Taylor, Denny. Beginning to Read and the Spin Doctors of Science: The Political Campaign to Change America's
Mind about How Children Learn to Read. Urbana, IL: NCTE, 1998 [Reserve].
Possible areas of responsibility:
1. What is phonemic awareness? What does this term have to do with the linguistic concept of the phoneme that we have studied in the phonetics section of English 326? Why are some scholars arguing for the imporance of phonemic awareness training?
2. What is meant by phonics? What is the difference between explicit (or synthetic) phonics and implicit (or analytic) phonics? What is "embedded phonics" (You could include examples of phonics lessons from textbooks used in local schools.)
3. What is the whole-language approach to reading? (You could include a sample of a whole language lesson. Since the 1987 Language-Arts Framework [On Reserve]--now abandoned--was considered too "whole language," you could look at it and compare it to the new framework.)
3. Interviews with or surveys of local primary grade teachers regarding their thoughts concerning the current push for more phonemic awareness training and more phonics activities. Do they feel that the 1987 Language Arts Framework was imbalanced in the whole language direction? Do they applaud the move away from it? Are they pleased with the current approaches stressing "systematic explicit phonics" that are demanded by current state laws?

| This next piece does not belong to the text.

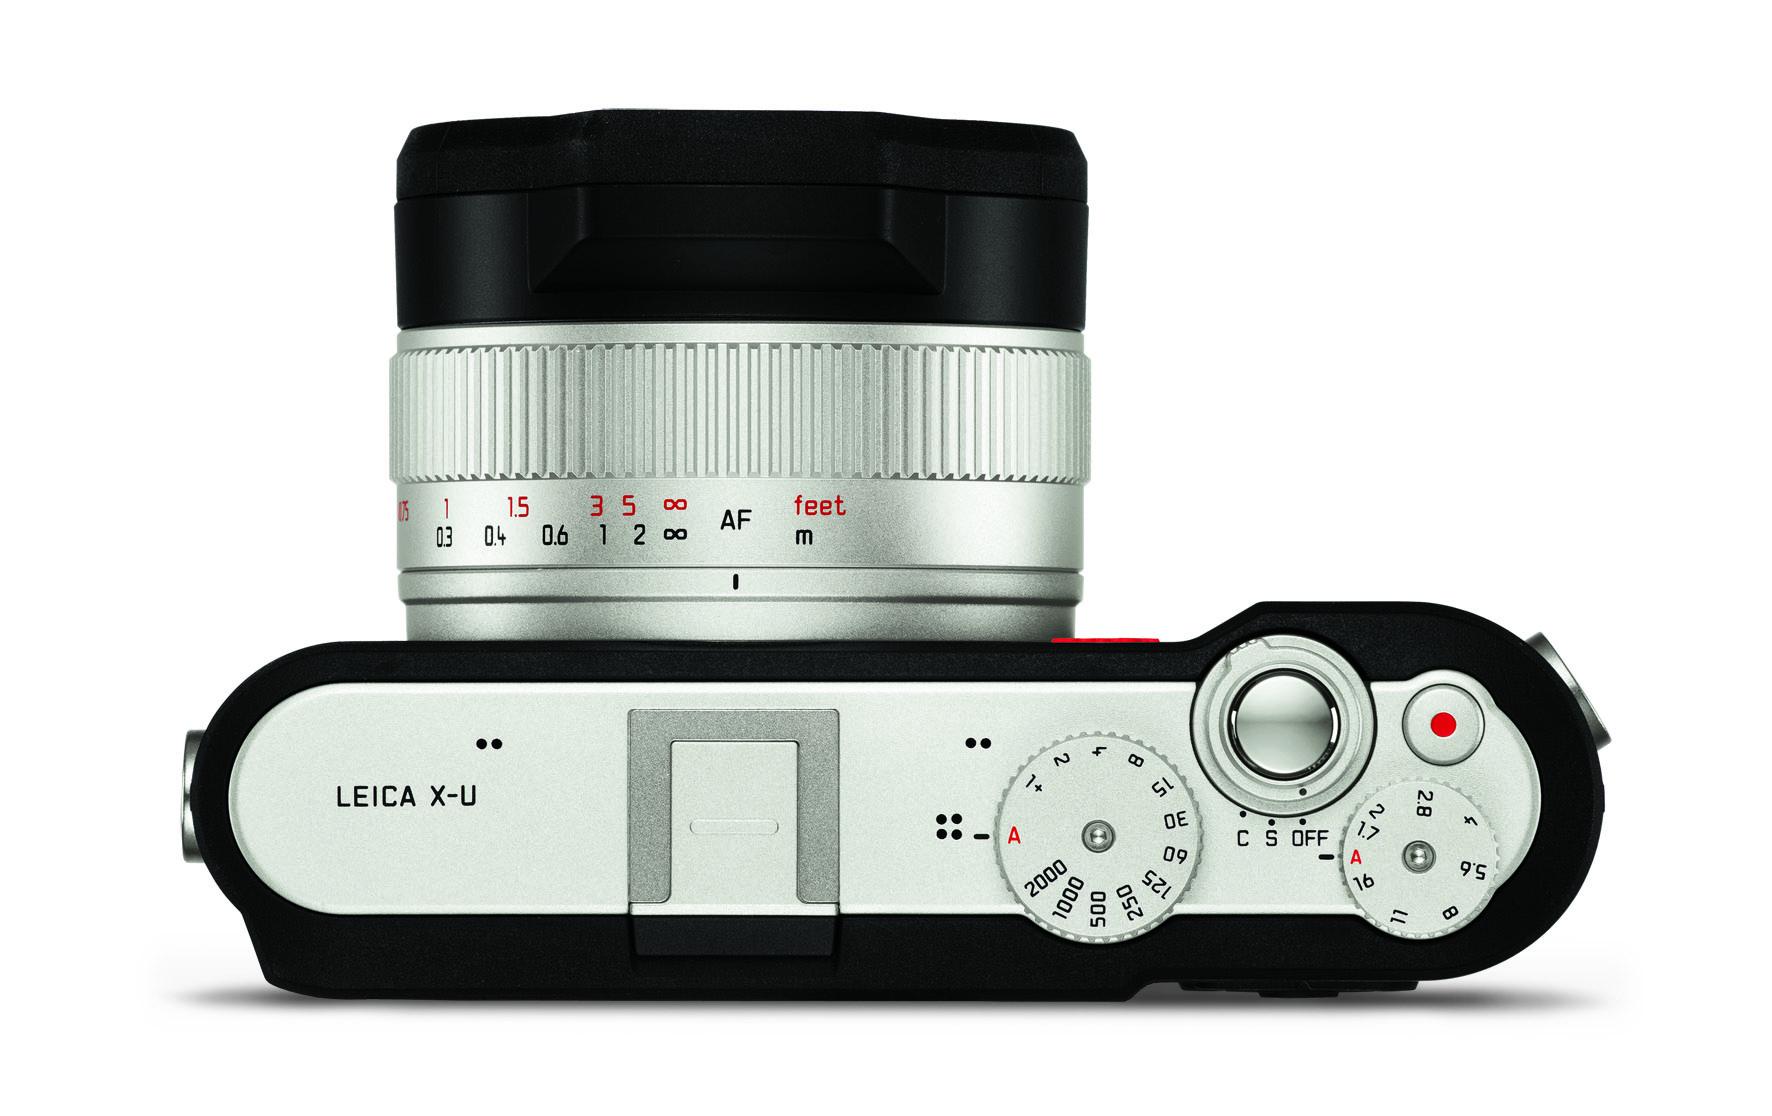 Leica_X-U_top.jpg

5. Analysis of the balanced approach which is recommended by the CDE and which is supposed to be embodied in official CDE documents, including the new Reading/Language Arts Framework. How does one define balance? Is California on the road to a truly balanced approach? For ways to define balance, see Jill Fitzgerald's "What Is This Thing Called 'Balance'?" (Reading Teacher 53 (Oct., 1999) 100-107 [Reserve]. See also the introduction and first chapter of Constance Weaver's Reconsidering a Balanced Approach to Reading [Reserve].
6. Discussion of a controversial research study. Look at a research study that more than any other has caused the movement toward more phonics but has been attacked by critics. The study is listed below. For criticism of it, see Chapter 4 of Denny Taylor's Beginning to Read and Chapter 3 of Gerry Coles' Misreading Reading.
Foorman, Barbara et al. "The Role of Instruction in Learning to Read: Preventing Reading Failure in At-Risk
Children." Journal of Educational Psychology 90 (1998): 37-55 [Reserve].